In reality, CO2 is a nothing gas, in terms of warming planet. They just concocted the idea to get morons frothing at the mouth. Well, that and a reason to tax the population. If you’re seriously factoring CO2 into scientific thought or calculations, you’ve been scammed.

But if you’re really worried about CO2, maybe we should tax the population to build a mechanism to move the Earth further from the Sun. How would that be? What else could we possibly do with trillions of dollars siphoned from the public?

thingadonta
November 2, 2018 12:53 am

We will not have a habitable planet if the ACF gets their way.

Remy Mermelstein
November 2, 2018 6:14 pm

Frank, your problem is that you are trying to extrapolate instrument error to affect sampling error. There does not exist an “instrument” capable of measuring the GAST. GAST is measured using statistical methods, which makes all of your experience and your “paper” on instrument error moot. Since there is no single “instrument” to measure GAST, your instrument error analysis is meaningless. Nothing you’ve said nor done has impacted the actual theory/execution of using a statistical estimator to measure GAST

Reply to  Remy Mermelstein
November 5, 2018 4:34 pm

Not correct, Remy.

The GAST is calculated as the average of instrumental measurements. Every measurement has a systematic error associated with it.

When an average is taken, the systematic errors combine as their root-mean-square.

You wrote that, “GAST is measured using statistical methods….” Wrong again.

Nothing is measured using statistical methods. Statistics is mathematics, and incorporates no measurement methods at all.

Magnitudes are measured using physical instruments. Averages are taken of magnitudes measured using physical instruments.

Statistics is used for computations, not for measurements.

You wrote, “Since there is no single “instrument” to measure GAST, your instrument error analysis is meaningless.” Instrumental error propagates into any average of measurements.

Your comments make it appear as though you have never actually measured anything, or evaluated actual physical error and its meaning, or worked through a measurement average±uncertainty.

In other words, you’re fit to be a climate scientist.

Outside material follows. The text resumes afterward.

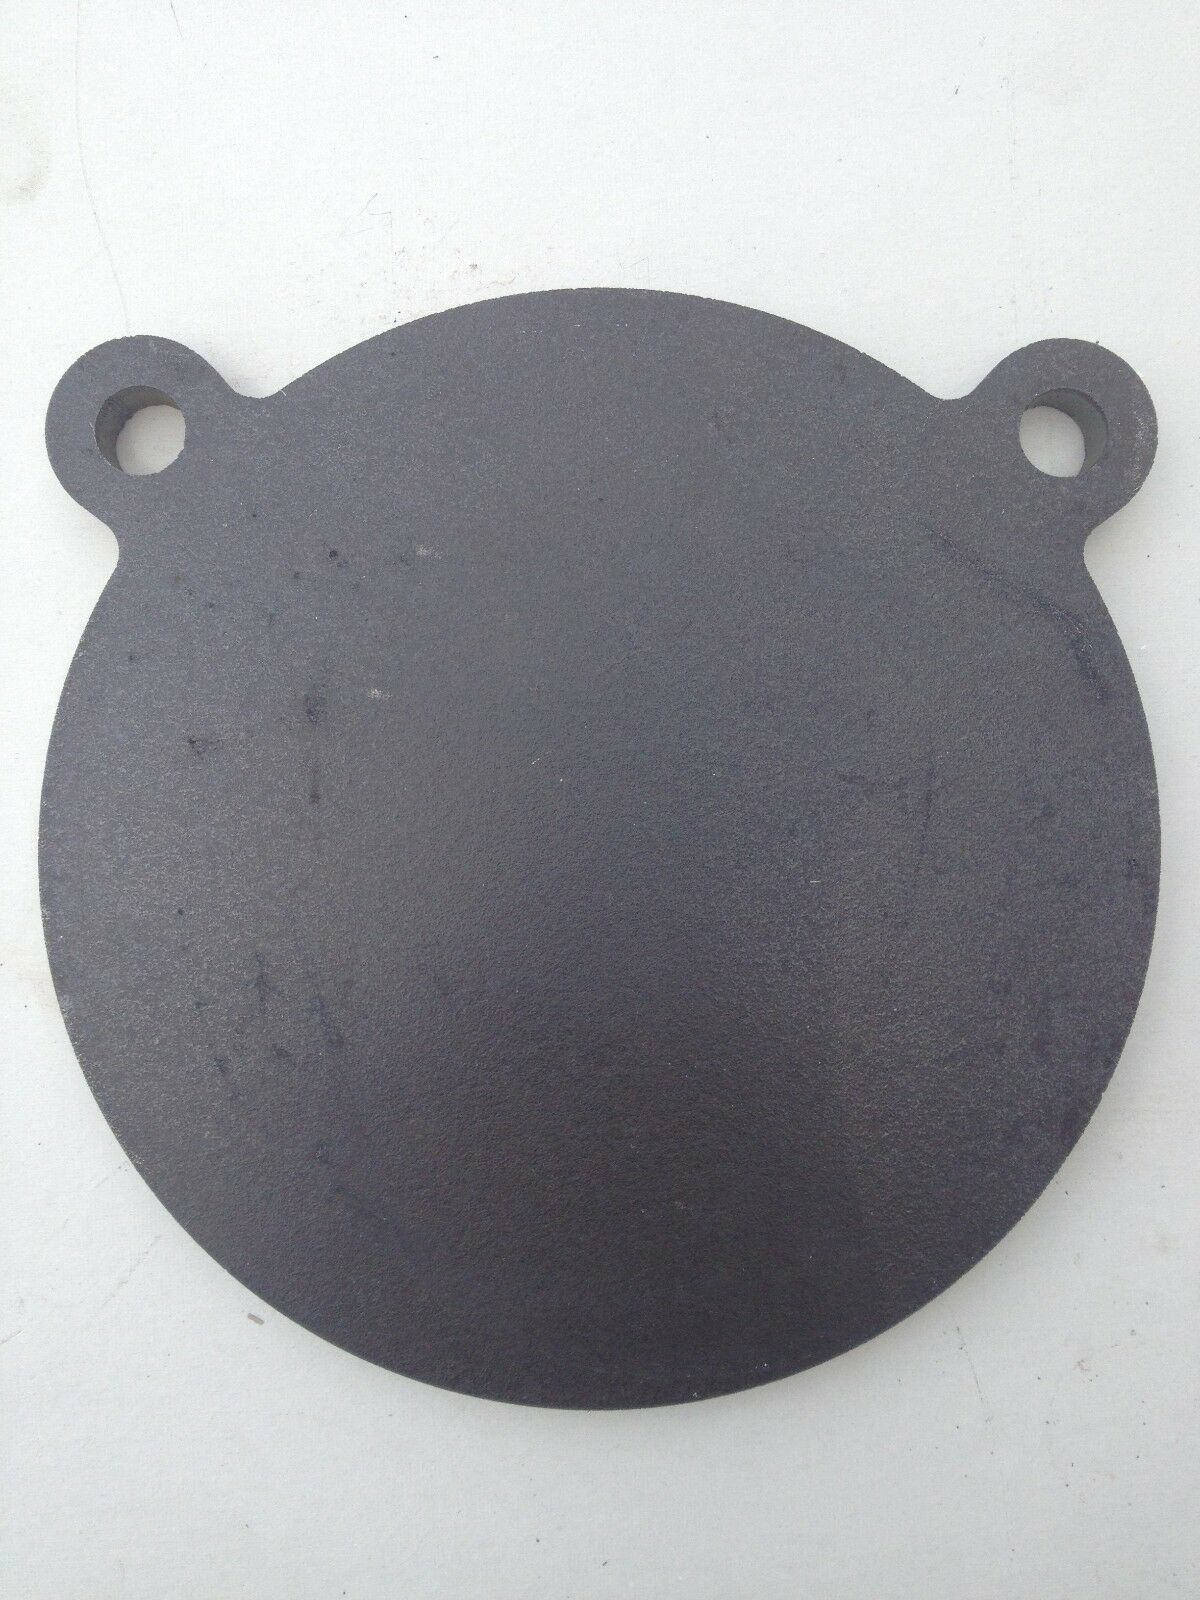 AR500 gong steel shooting target, 3/8

You wrote, “ Nothing you’ve said nor done has impacted the actual theory/execution of using a statistical estimator to measure GAST

At last you’re correct about something. Nothing I’ve written has been different from the way the GAST should be calculated.

You, however, have been mistaken in every single critical instance.

November 2, 2018 9:45 pm

Jesse Fell:

You state that CO2 doesn’t wash out of the air like SO2 does.

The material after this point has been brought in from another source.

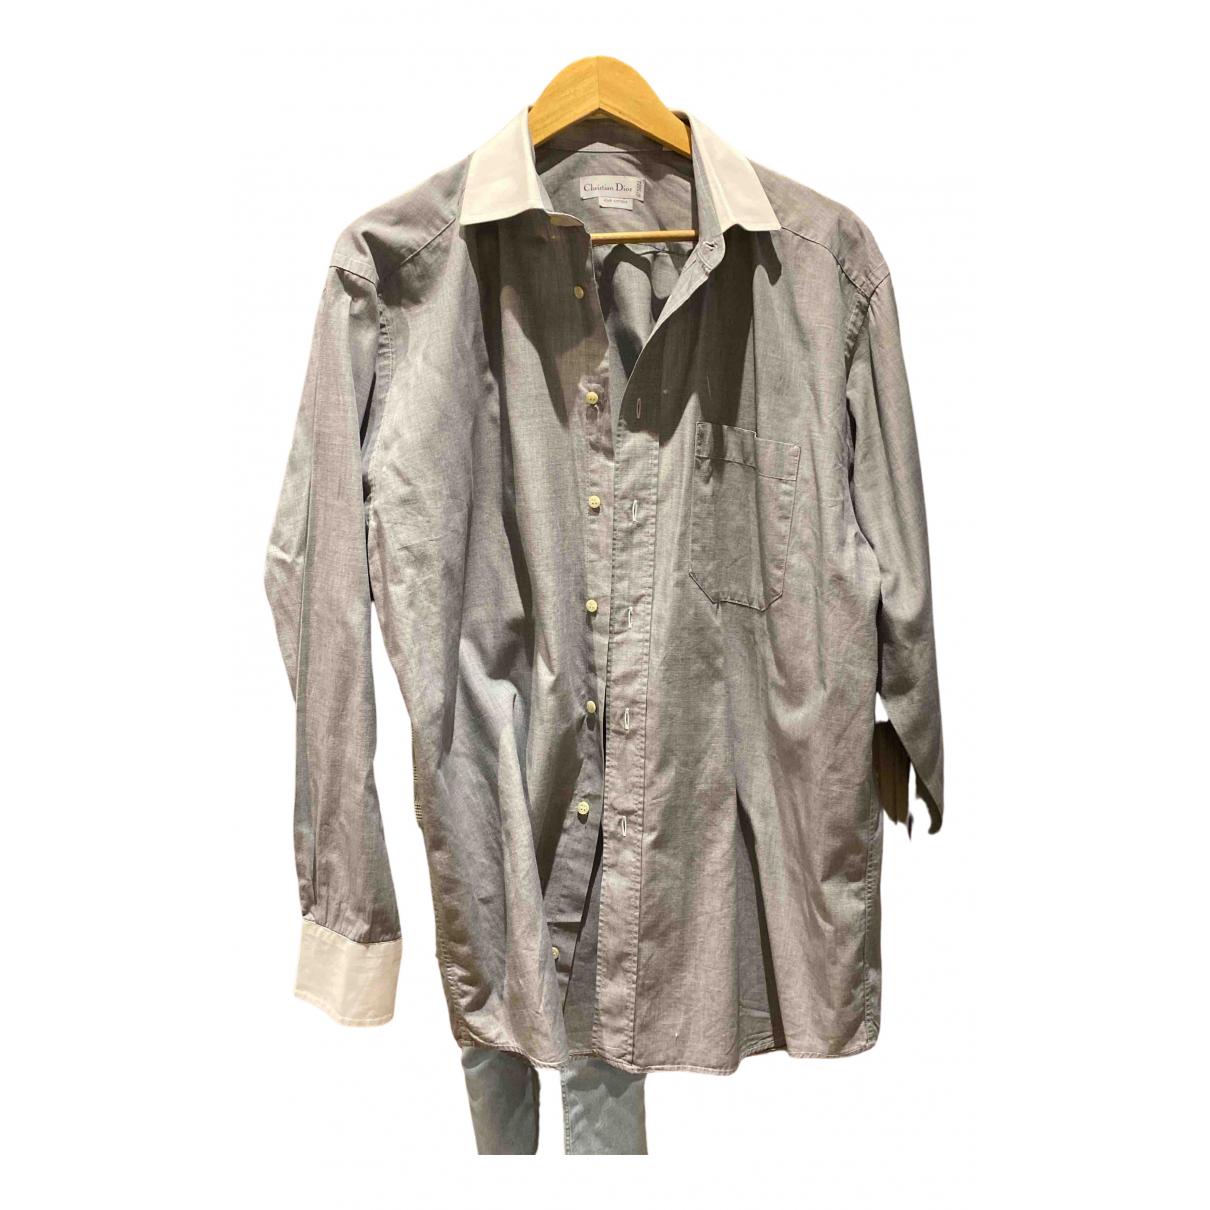 Dior N Grey Cotton Shirts for Men 41 EU (tour de cou / collar)

Yes, SO2 will wash out of the air from an INTERMITTENT source, but essentially all anthropogenic sources, such as power plants, factories, foundries, home heating units, shipping, etc., etc. are continuous sources, so that anything that is washed out is immediately replaced, giving most anthropogenic SO2 aerosols an essentially infinite lifetime.

You also say that “I don’t understand some people’s need to deny this basic science”

As Karl Popper wrote, Scientific theories must be falsifiable (that is, empirically testable), and that prediction was the gold standard for their validation”.

The greenhouse gas hypothesis fails on both counts: it is not empirically testable, and it cannot make accurate temperature predictions. As such, it cannot be called “basic science”, just sheer speculation.

On the other hand, temperature changes due to changing levels of SO2 aerosol emissions has been empirically tested, and validated, and temperature changes resulting from different levels of SO2 aerosol emissions can be predicted: .02 deg. C. of change for each net Megaton of change in global SO2 aerosol emissions, either volcanic or anthropogenic.

Joe
November 4, 2018 1:39 pm

Since when did the abortionists.. excuse me.. climate reality deniers care about people dying?